> MATERIAL PROVIDED
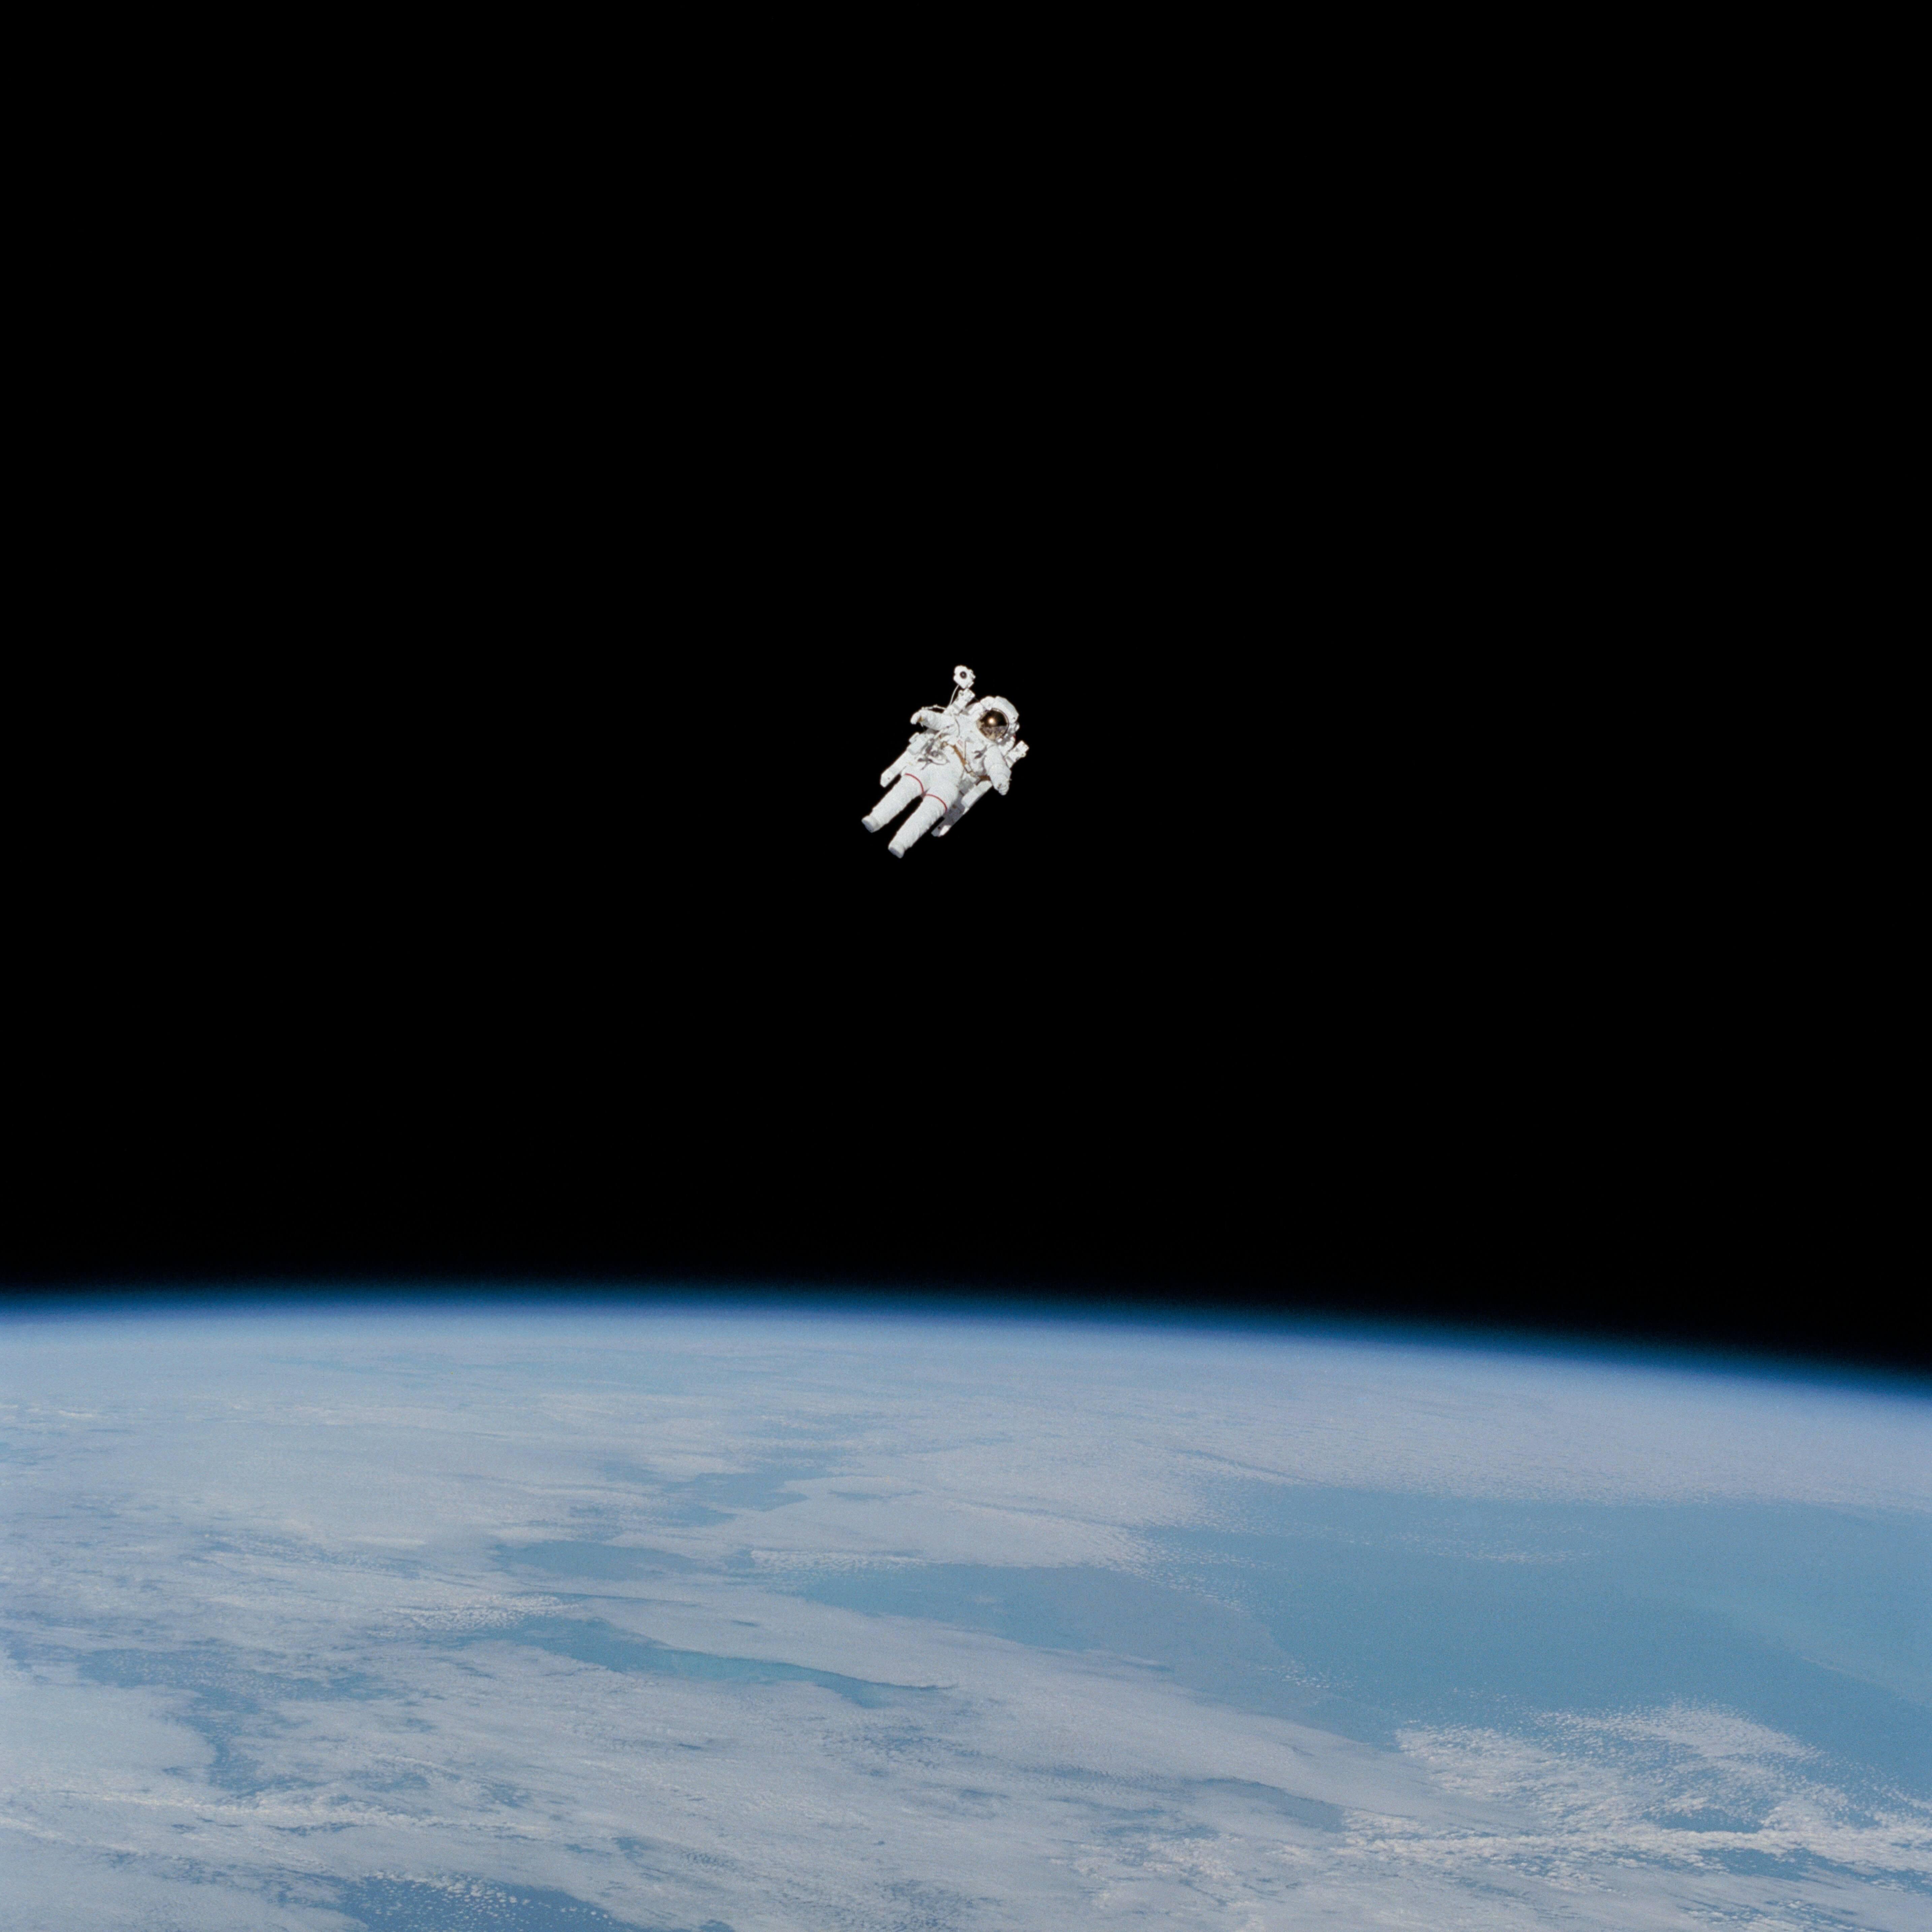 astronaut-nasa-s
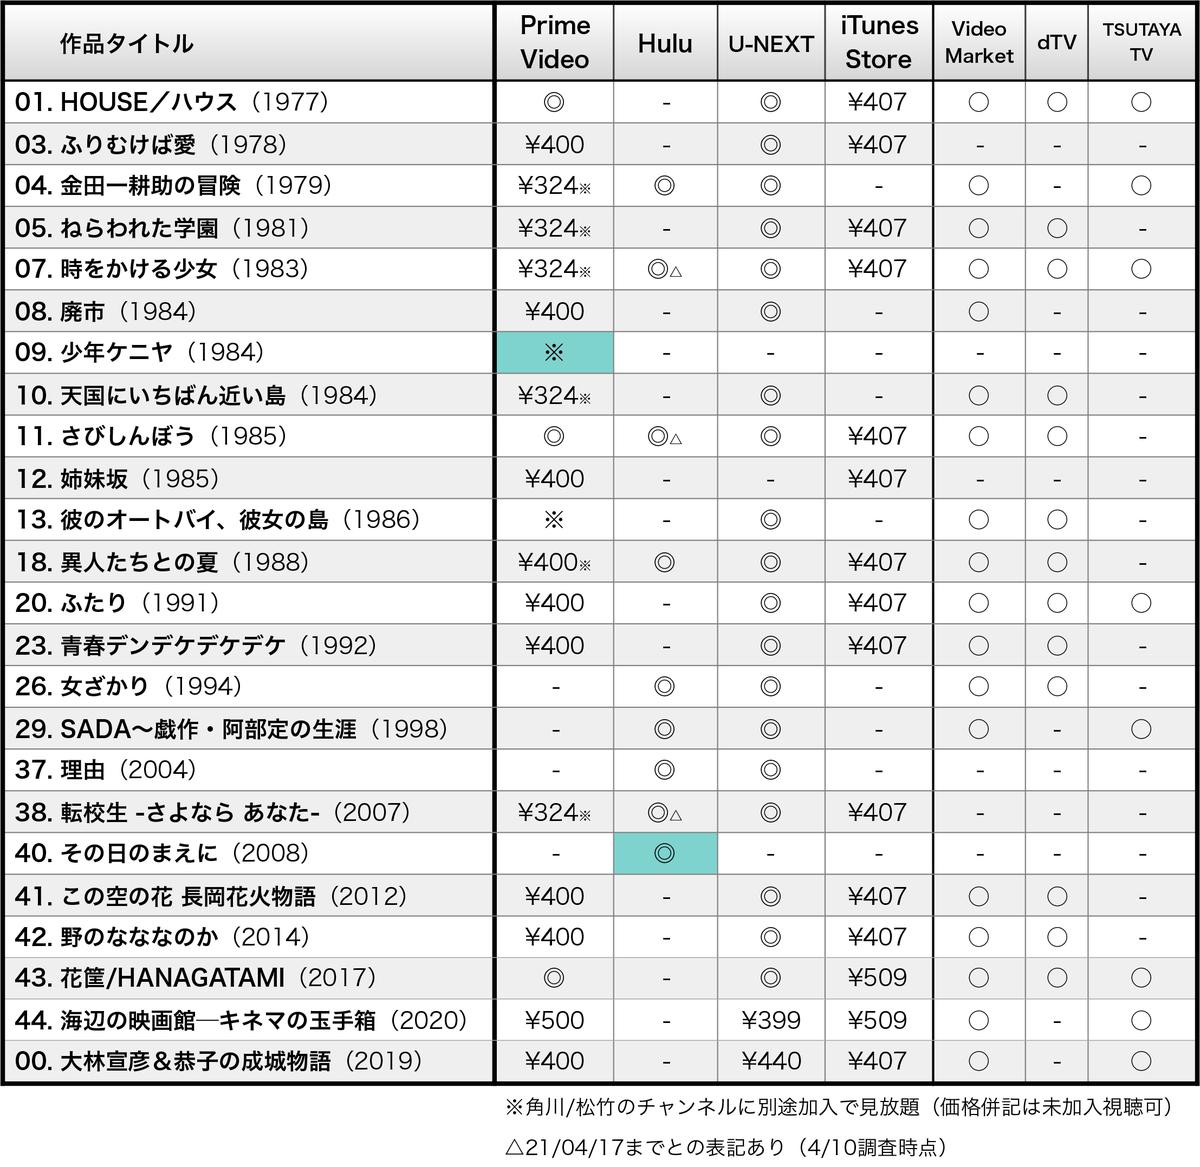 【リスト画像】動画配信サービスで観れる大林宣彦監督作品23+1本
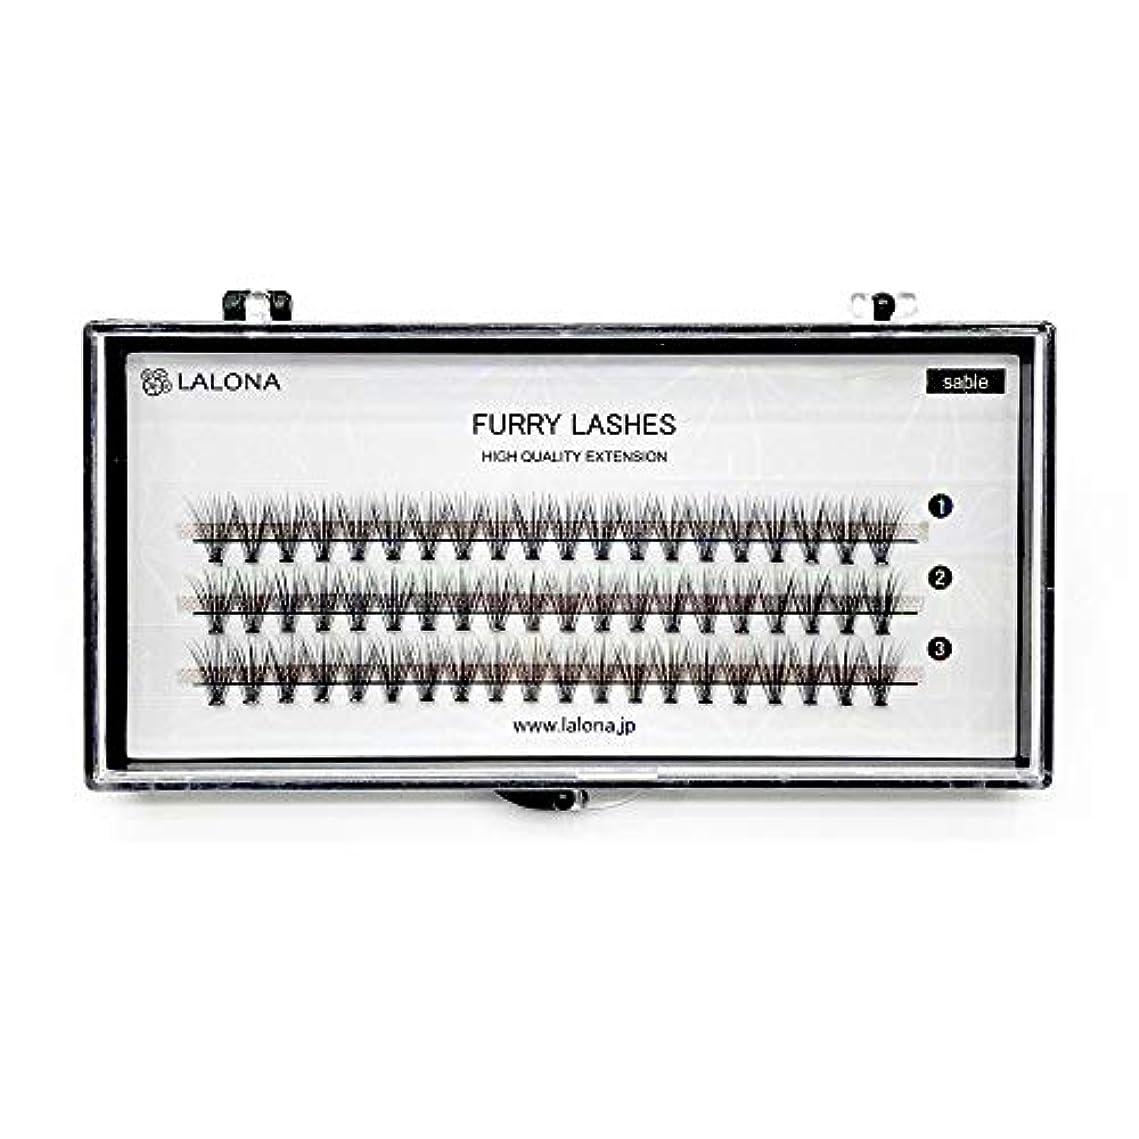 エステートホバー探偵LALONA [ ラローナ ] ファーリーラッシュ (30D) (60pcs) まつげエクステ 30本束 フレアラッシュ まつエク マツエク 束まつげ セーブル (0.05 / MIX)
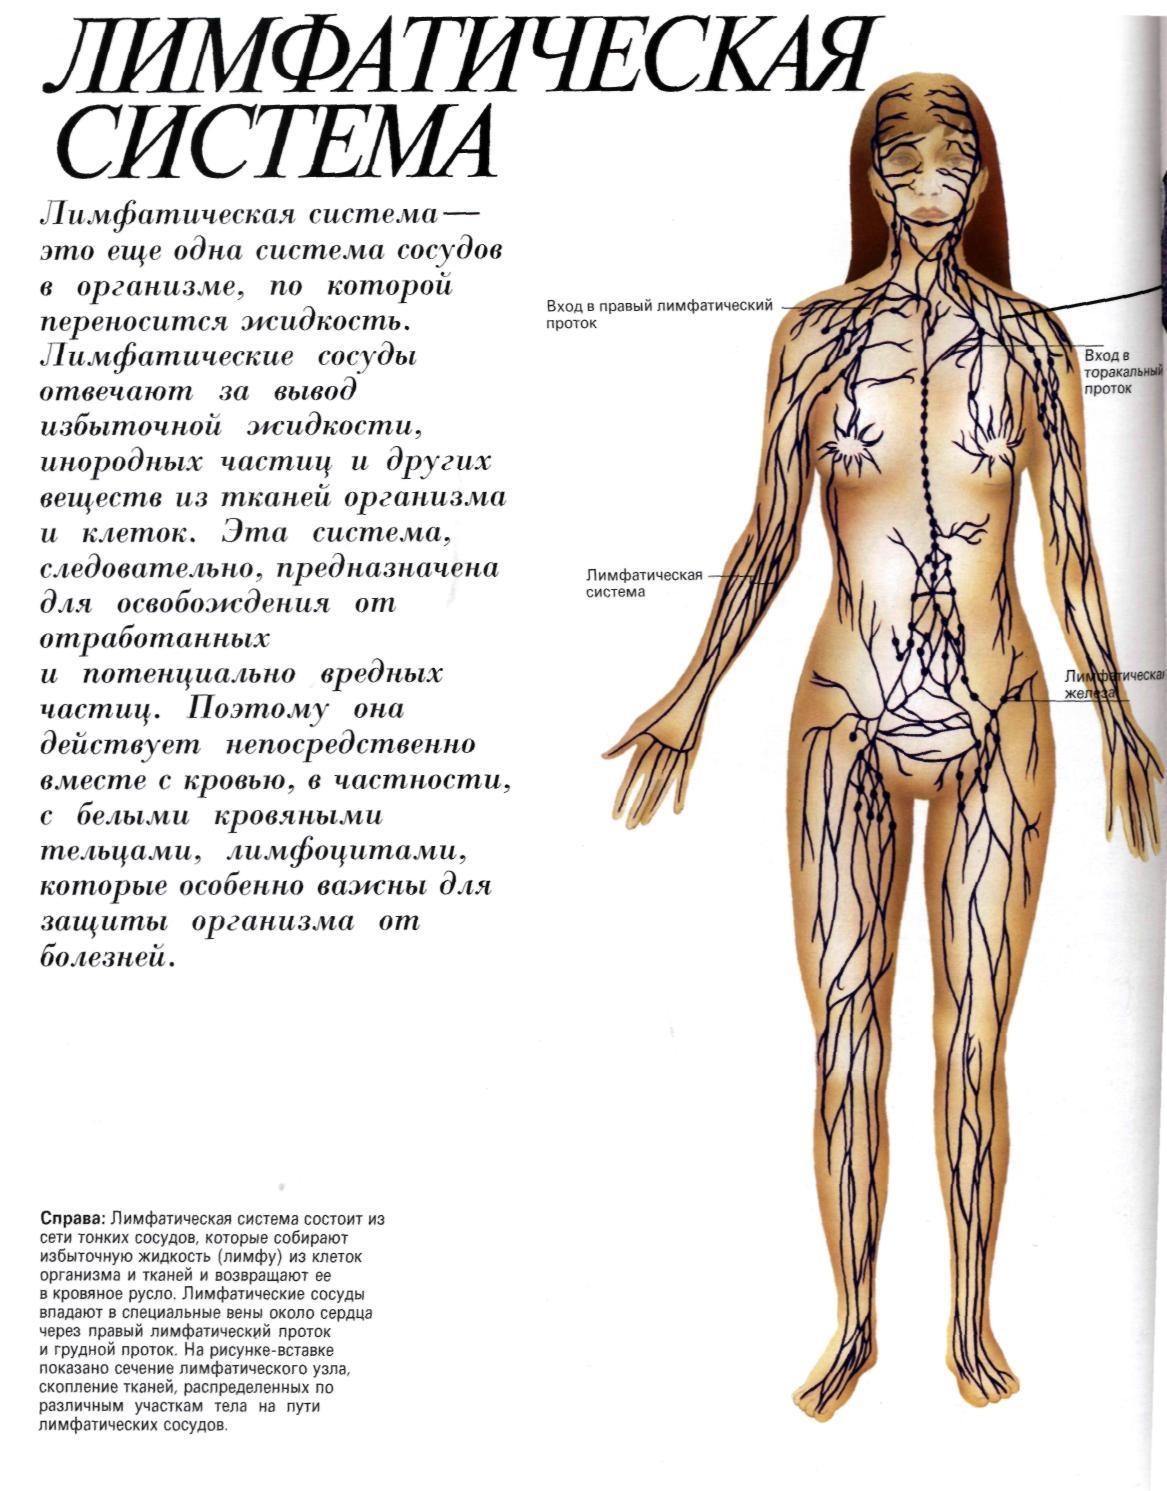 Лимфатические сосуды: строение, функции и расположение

> WHAT IS NEEDED
Skip every picture, and give the rest of the material above again exactly.

> EXERCISE OUTPUT
 astronaut-nasa-s
 【リスト画像】動画配信サービスで観れる大林宣彦監督作品23+1本
 エステートホバー探偵LALONA [ ラローナ ] ファーリーラッシュ (30D) (60pcs) まつげエクステ 30本束 フレアラッシュ まつエク マツエク 束まつげ セーブル (0.05 / MIX)
 Лимфатические сосуды: строение, функции и расположение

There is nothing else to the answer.